- Associated Press - Tuesday, July 21, 2015

NEW YORK (AP) - More than 1,000 subcontracted airport security officers, baggage handlers and wheelchair attendants at the city’s two major airports plan to strike starting Wednesday night, according to a union that seeks to represent them.

Officials with Local 32BJ of the Service Employees International Union said picketing would begin at Kennedy Airport at 10 p.m. Wednesday and at LaGuardia at 6 a.m. Thursday.

“We are here today to tell you that we are going on strike!” LaGuardia worker Chennee Cooper said Tuesday at a news conference at the union’s Manhattan offices.

Cooper said she works 40 hours a week but lives in a shelter because she cannot afford an apartment.

“We love doing this,” she said. “We don’t want to go anywhere; we just want better pay so we can take care of our families.”

The employees planning the walkout work for Delta subcontractor Aviation Safeguards. Craig Coy, the CEO of its parent company, Herndon, Virginia-based Command Security Corp., said there would be a contingency plan in place but he did not expect most employees to participate in the work stoppage.

Atlanta-based Delta Air Lines Inc. had no immediate comment.

The Port Authority of New York and New Jersey, which operates the airports, said in a statement that it has taken steps to encourage wage and benefit increases for employees of airline contractors. The authority said it would work to avoid disruptions at the airports.

Workers attending the news conference said they make $10.10 an hour and that they want $15 an hour as well as the right to organize for union representation.

“Where is it acceptable, in these United States of America, in a billion-dollar industry, for a worker to give a company 20 years of service and never have a raise?” JFK security worker Donna Hampton said.

The union says the workers’ efforts to organize have been met with strong-arm tactics that constitute unfair labor practices.

Officials with the union say Aviation Safeguards has stopped workers from wearing buttons and threatened to fire them if they strike.

“That is outrageous,” union president Hector Figueroa said. “That should not be happening in our airports, that should not be happening in our country.”

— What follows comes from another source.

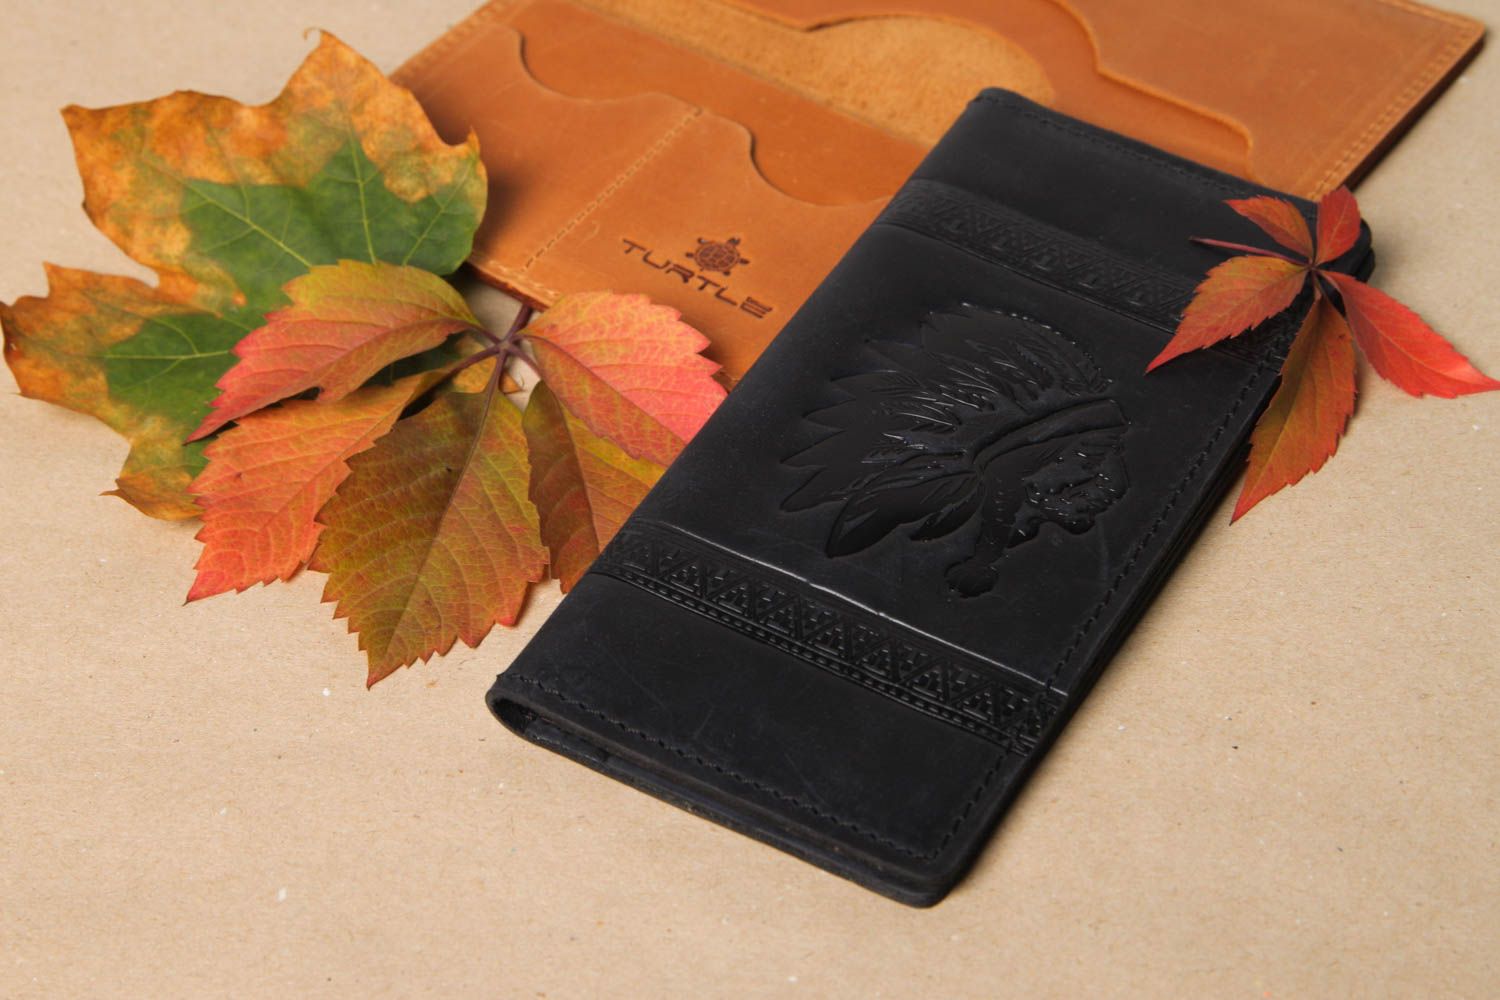 Unusual handmade leather wallet handmade accessories for men gift ideas photo 1

Coy denied that Aviation Safeguards has been guilty of unfair labor practices. “We are not anti-union, we are pro-employee,” he said.

Several City Council members attended the union news conference and promised their support.

“We’re hoping that these employers will act in good faith and sit down at the table and negotiate with these workers,” Council Speaker Melissa Mark-Viverito said.

It was not clear how the planned strike might affect travelers.

The workers potentially involved in the walkout represent a small fraction of the employees at the two airports. The Port Authority says about 37,000 people work at JFK and 11,000 at LaGuardia.